His financial health is also being monitored. “Irzio [Pinasco, one of Acurio’s three business partners] has asked me to take a look carefully at every recipe, the cost, so we can head off any problems later,” he says. Pinasco, a theatre producer who managed Peru’s 2004 America’s Cup football tournament, joined Acurio two and a half years ago and has declared consolidation the name of the game as the world’s biggest economies tip into recession. “We’ve always done this [costing],” says Pinasco. “But this year we’re focusing the whole company on the details, on production, on the back-of-house.”

Still, expansion is the endgame.
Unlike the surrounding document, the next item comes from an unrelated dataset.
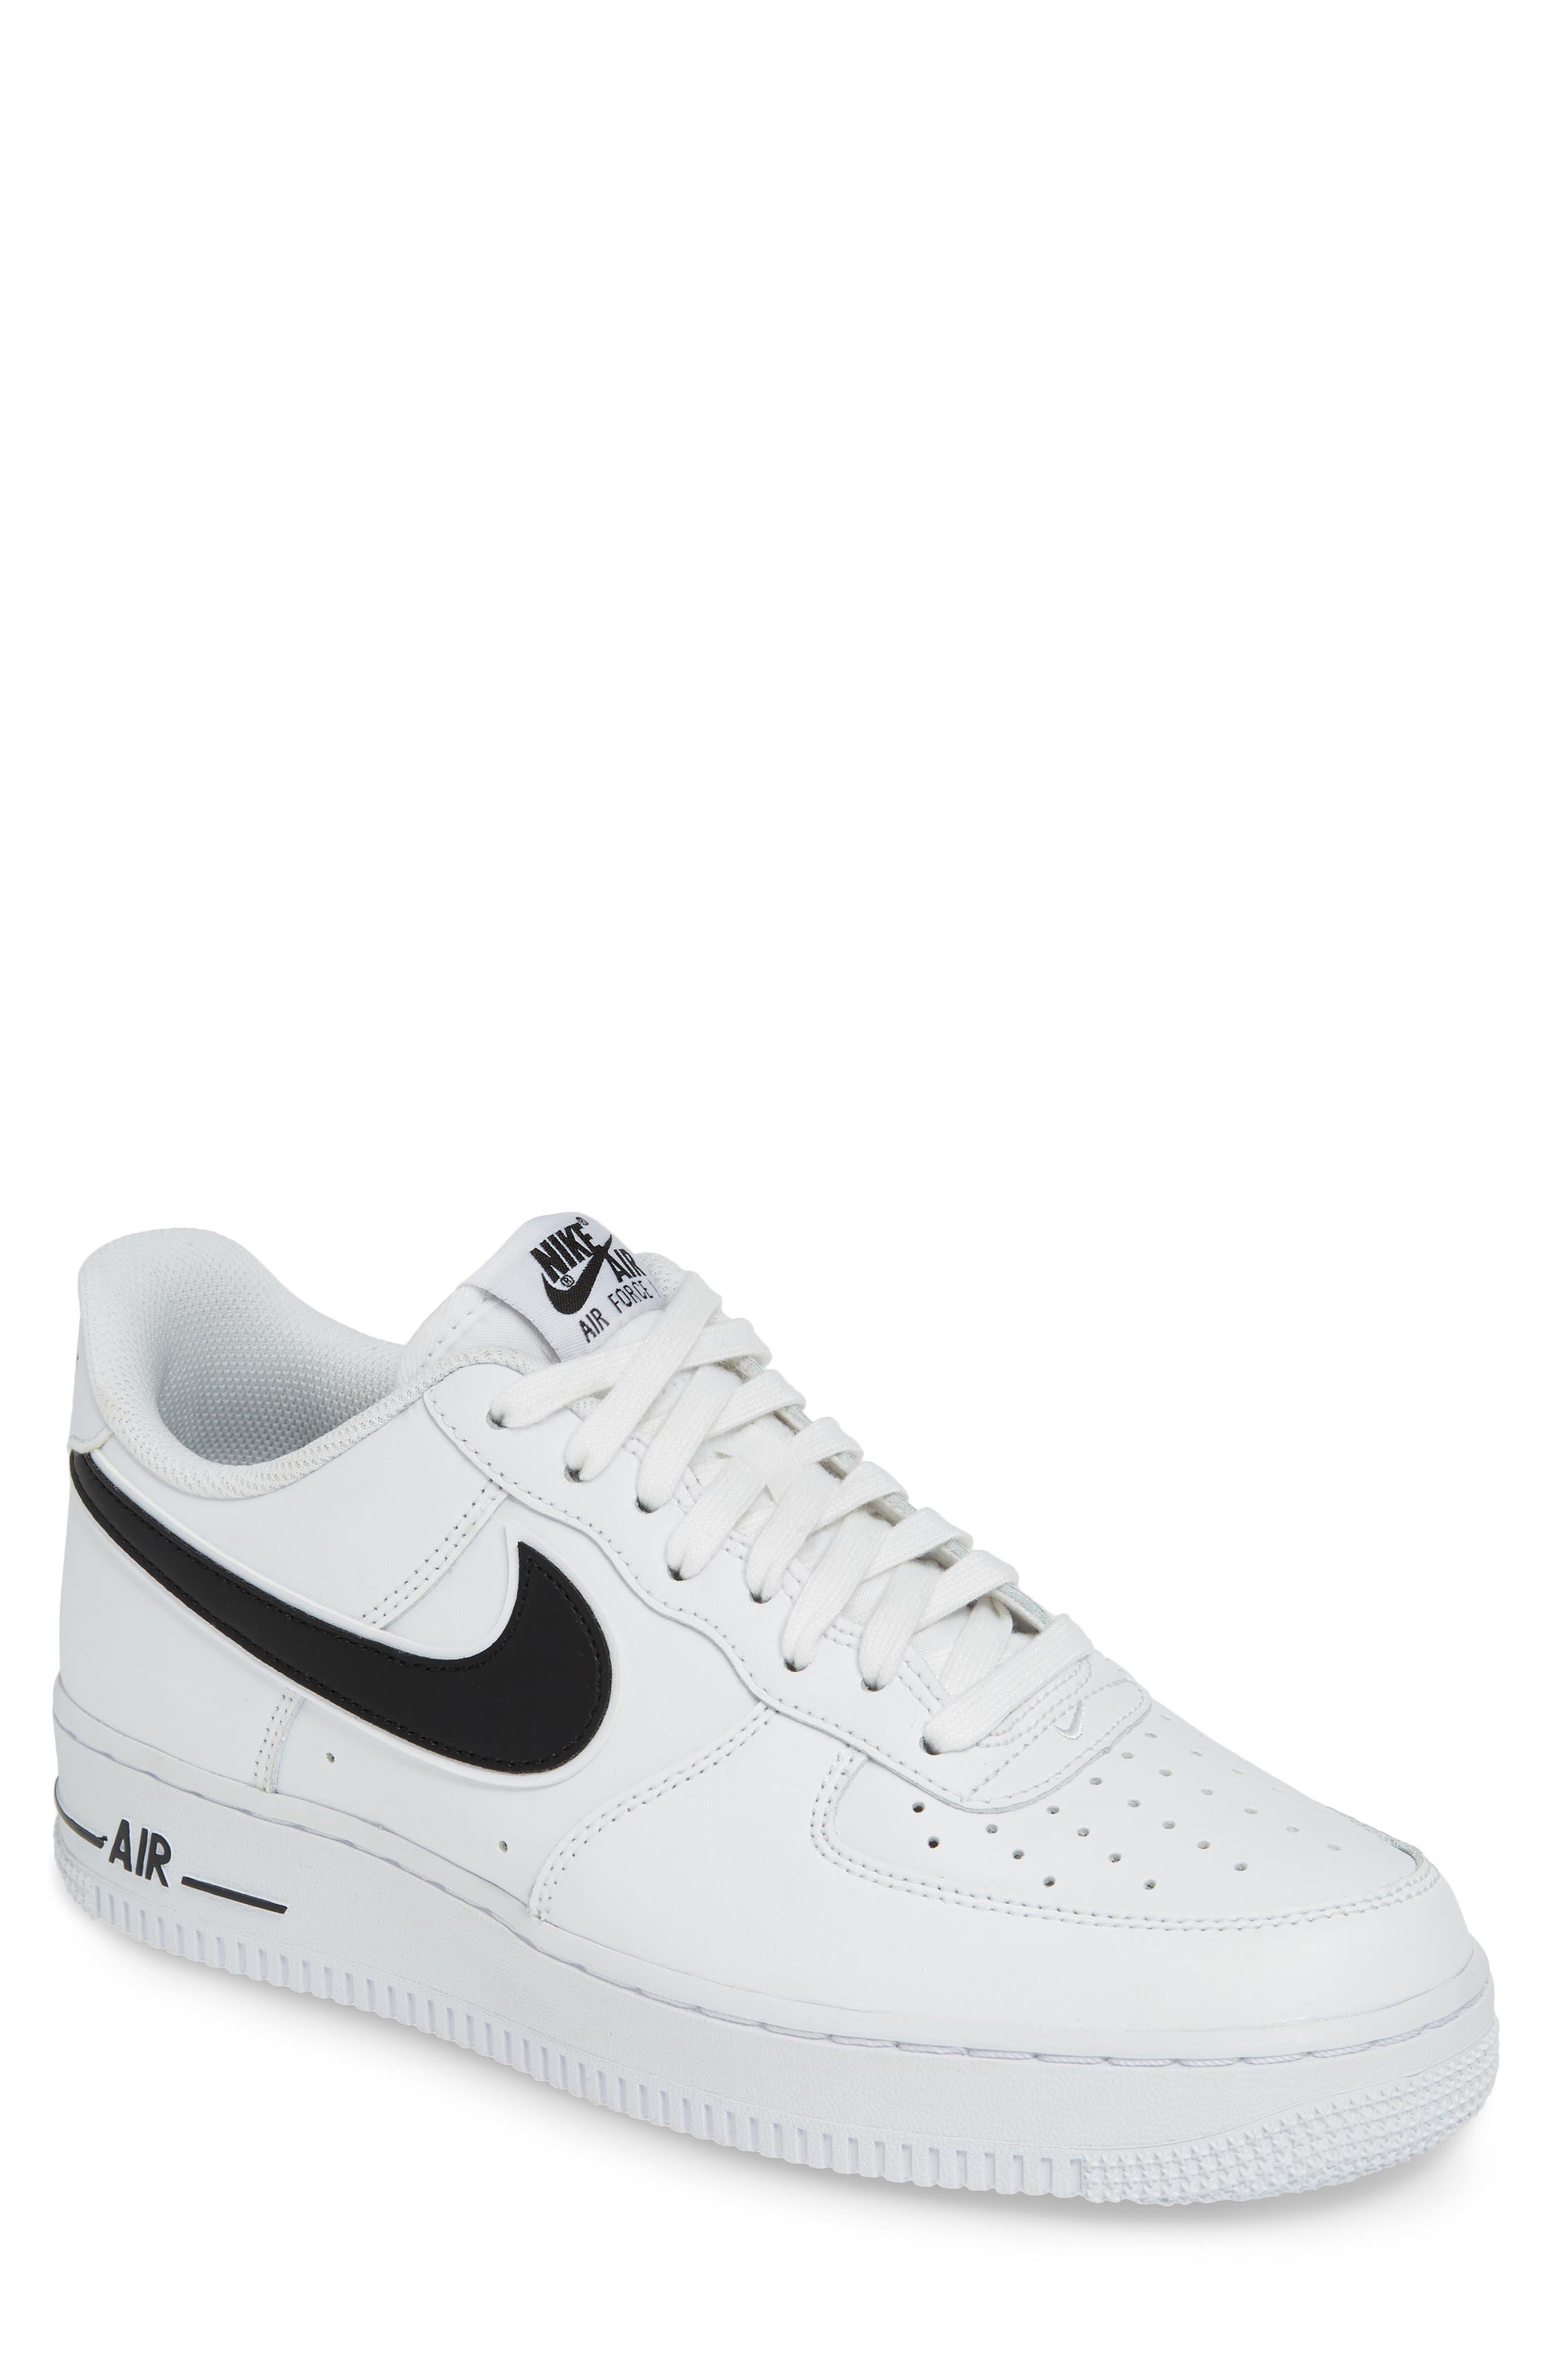 NIKE Air Force 1 '07 3 Sneaker, Main, color, WHITE/ BLACK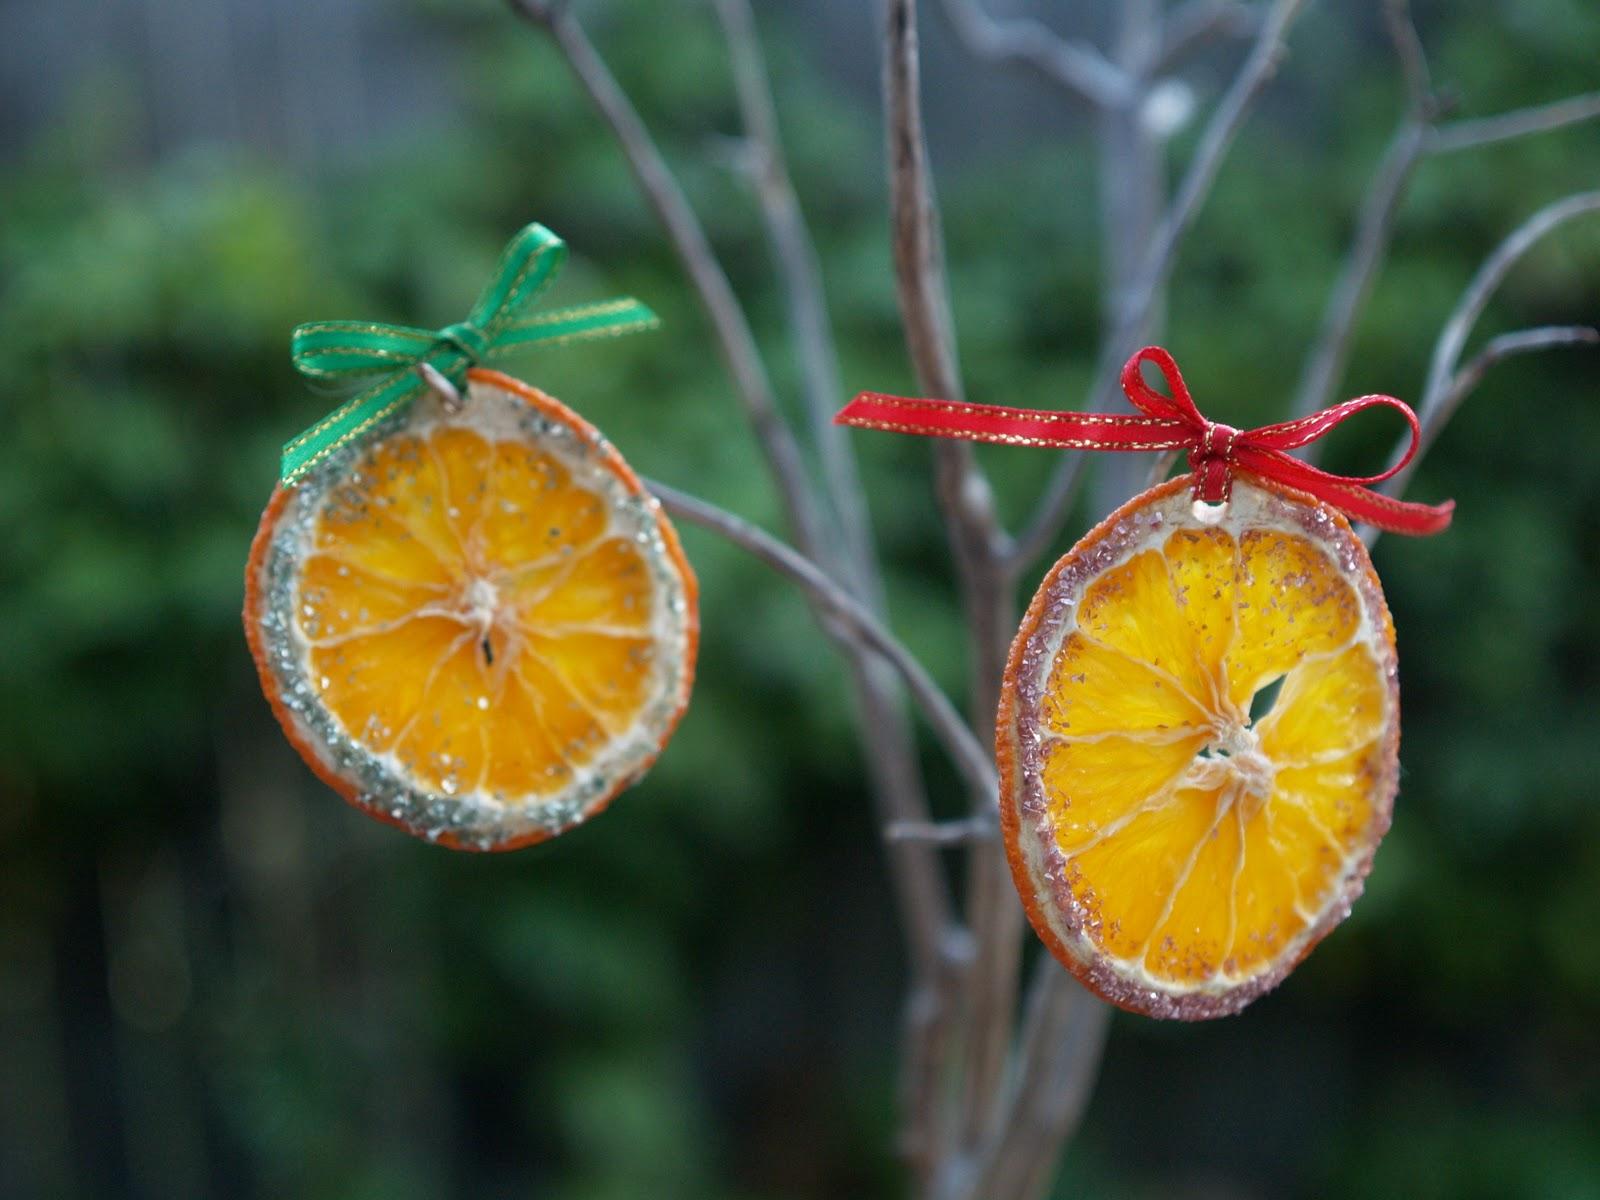 Homemade Christmas Decorations Dried Orange : Handmade christmas ornaments dried oranges the magic

An Astrid y Gastón has opened in Buenos Aires, and further ones are planned for Sao Paolo, Bogota and the Peruvian cities of Arequipa and Cusco. A T’anta for Dallas, Texas, is in the pipeline. (New York and London, once scheduled for 2010, have been postponed to 2011.)

Pinasco met Acurio after reading a speech he had given to students at Lima’s most prestigious business school in 2006. “I must have received that speech from five different people in my e-mail,” Pinasco recalls. “It was something a lot of people were inspired by, not only in terms of what can be done with our food, but in terms of what we can do with our country.”

Acurio may be costing his menus more thoughtfully than at any time in his career, but when he waves his steak knife in the air and confides that he has promised his family he won’t work weekends this summer – manning the grill at his place by the beach aside – I don’t believe him for a minute. He is on a mission, and Peru is watching.